Other local authorities with coastal zones in the Westcountry take differing lines…
A spokesman for North Devon Council said: “We do not impose dog bans on any of our beaches or open spaces. NDC-owned beaches include Wildersmouth, Hele, Ilfracombe Harbour Beach, as well as Lee Bay, Woody Bay and Heddon’s Mouth.
“However, most beaches in North Devon (for example, Woolacombe, Croyde, Instow and Putsborough) are privately owned, and therefore it is up to the owners whether they ban dogs. Dog owners would need to contact each private beach to find out what their situation is.”
In the South Hams there’s another story – there the district council has imposed seasonal bans (between May 1 and September 30) on South Sand at Salcombe and Mothwell Sand at Hope Cove – while Bigbury and Bantham have partial bans.
Private bans have been introduced by owners at Blackpool Sands, Mothecombe Beach, Wembury, Sandy Parlour and Challaborough.
At Minehead there is a seasonal beach ban on the famous strand stretching from the old harbour east past Butlins, and also along the East Devon coast in the resorts of Exmouth, Budleigh Salterton, Sidmouth, Seaton and Beer.
In West Dorset no dogs are allowed on Lyme Regis’s main front beach between April 1 and October 31 and only on leads for rest of year. There are seasonal bans in place in the West Bay area and also at Burton Bradstock.
Not surprisingly the Kennel Club has a view on such dog bans – the organisation’s secretary, Caroline Kisko, said: “Beaches are always very popular with dog walkers, as they provide open spaces for dogs to be exercised off-lead, and it is a shame when local authorities deem it necessary to implement dog bans in these areas.

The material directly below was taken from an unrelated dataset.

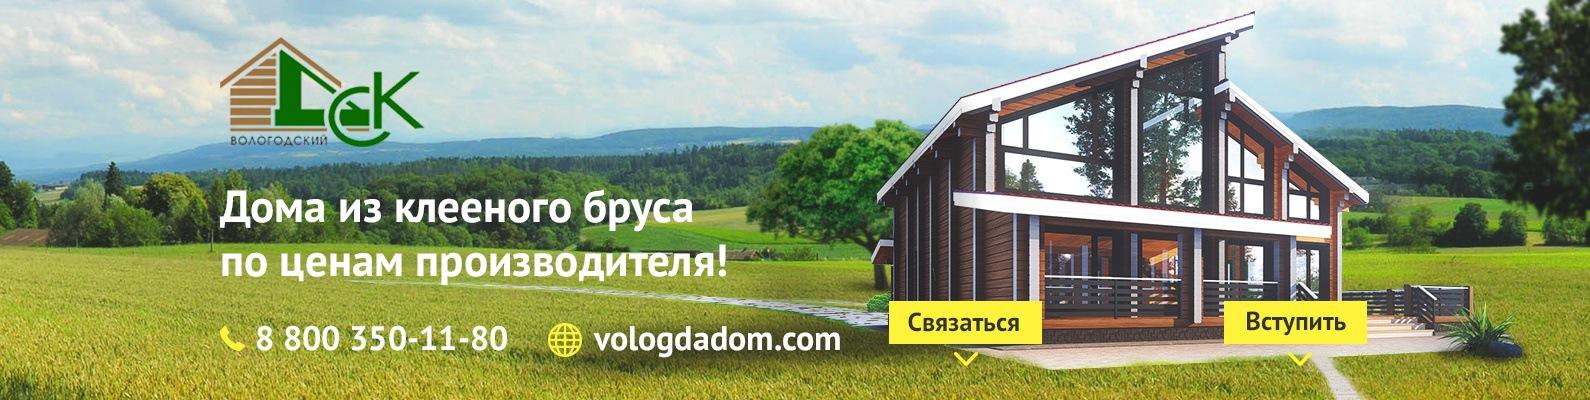 вас дом из клееного бруса цена вологодская область тренер сборной России
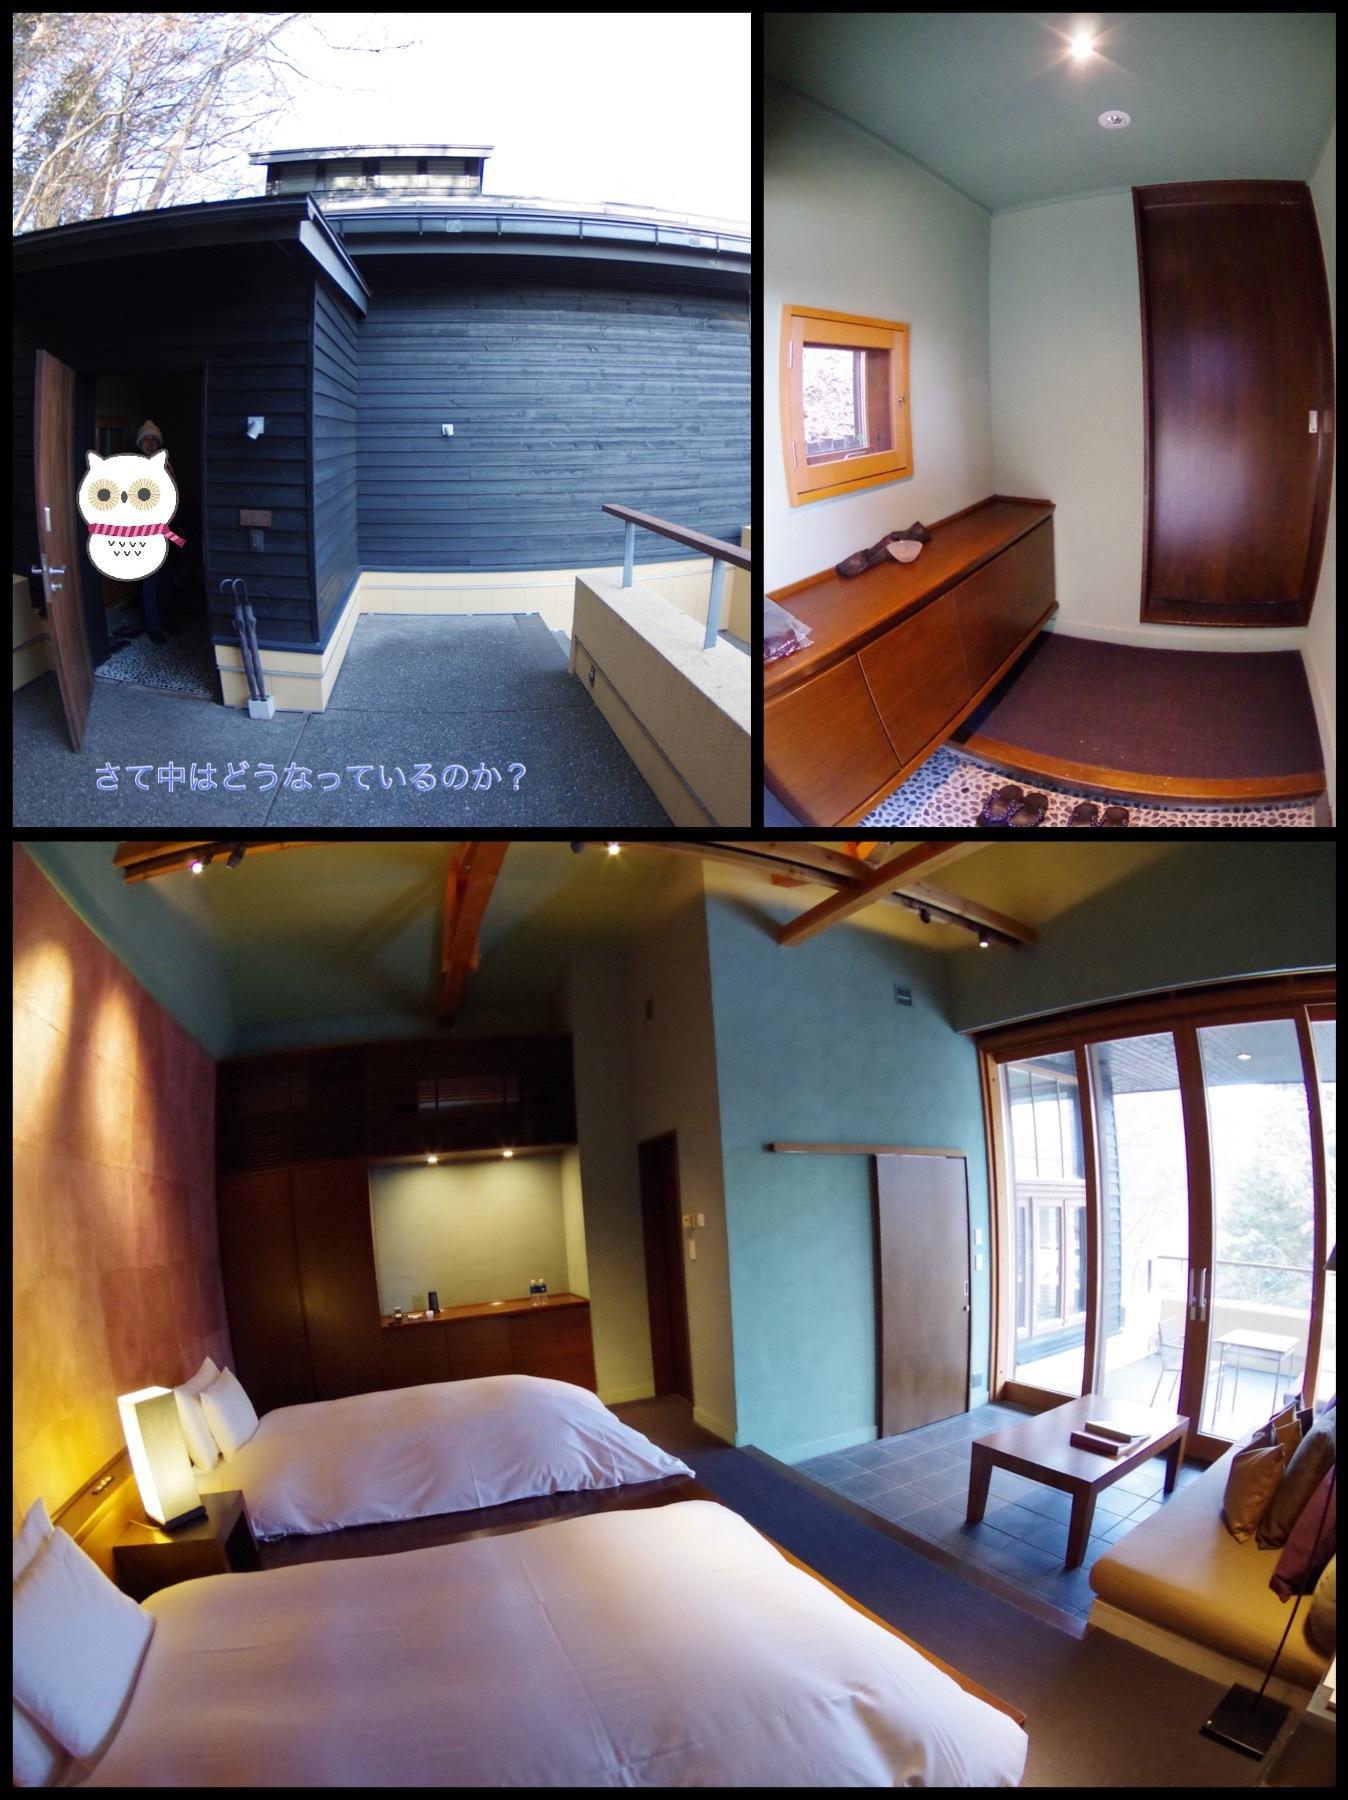 星のや軽井沢 山路地の部屋 竹棟320号室宿泊

“These bans are often in response to issues that can easily be dealt with in a different, more proactive, way – such as ensuring that enough dog waste bins are provided, and that dog owners are educated in the need to pick up.
“The Kennel Club believes that dogs and their owners should be allowed to make use of Britain’s coast, so long as dogs are kept under effective control,” added Ms Kisko.
“Government statistics have shown that as many as 50 per cent of all walkers have dogs with them, which represents a huge proportion of society, making it important that this demographic have access to beaches.”
Mums and dads whose small children play in the sand may well disagree.
Despite the fact that Channel 4’s new series (which begins tonight at 8pm) shows how several featured dog-owners have been guilty of overfeeding their pets with treats, vet Mark Evans says he believes dog bans are taking their toll...
“I am convinced that lack of exercise is a major cause of the problem. In the past two years there has been a 25 per cent reduction in the number of British people who now exercise their dogs off the lead,” says Mr Evans.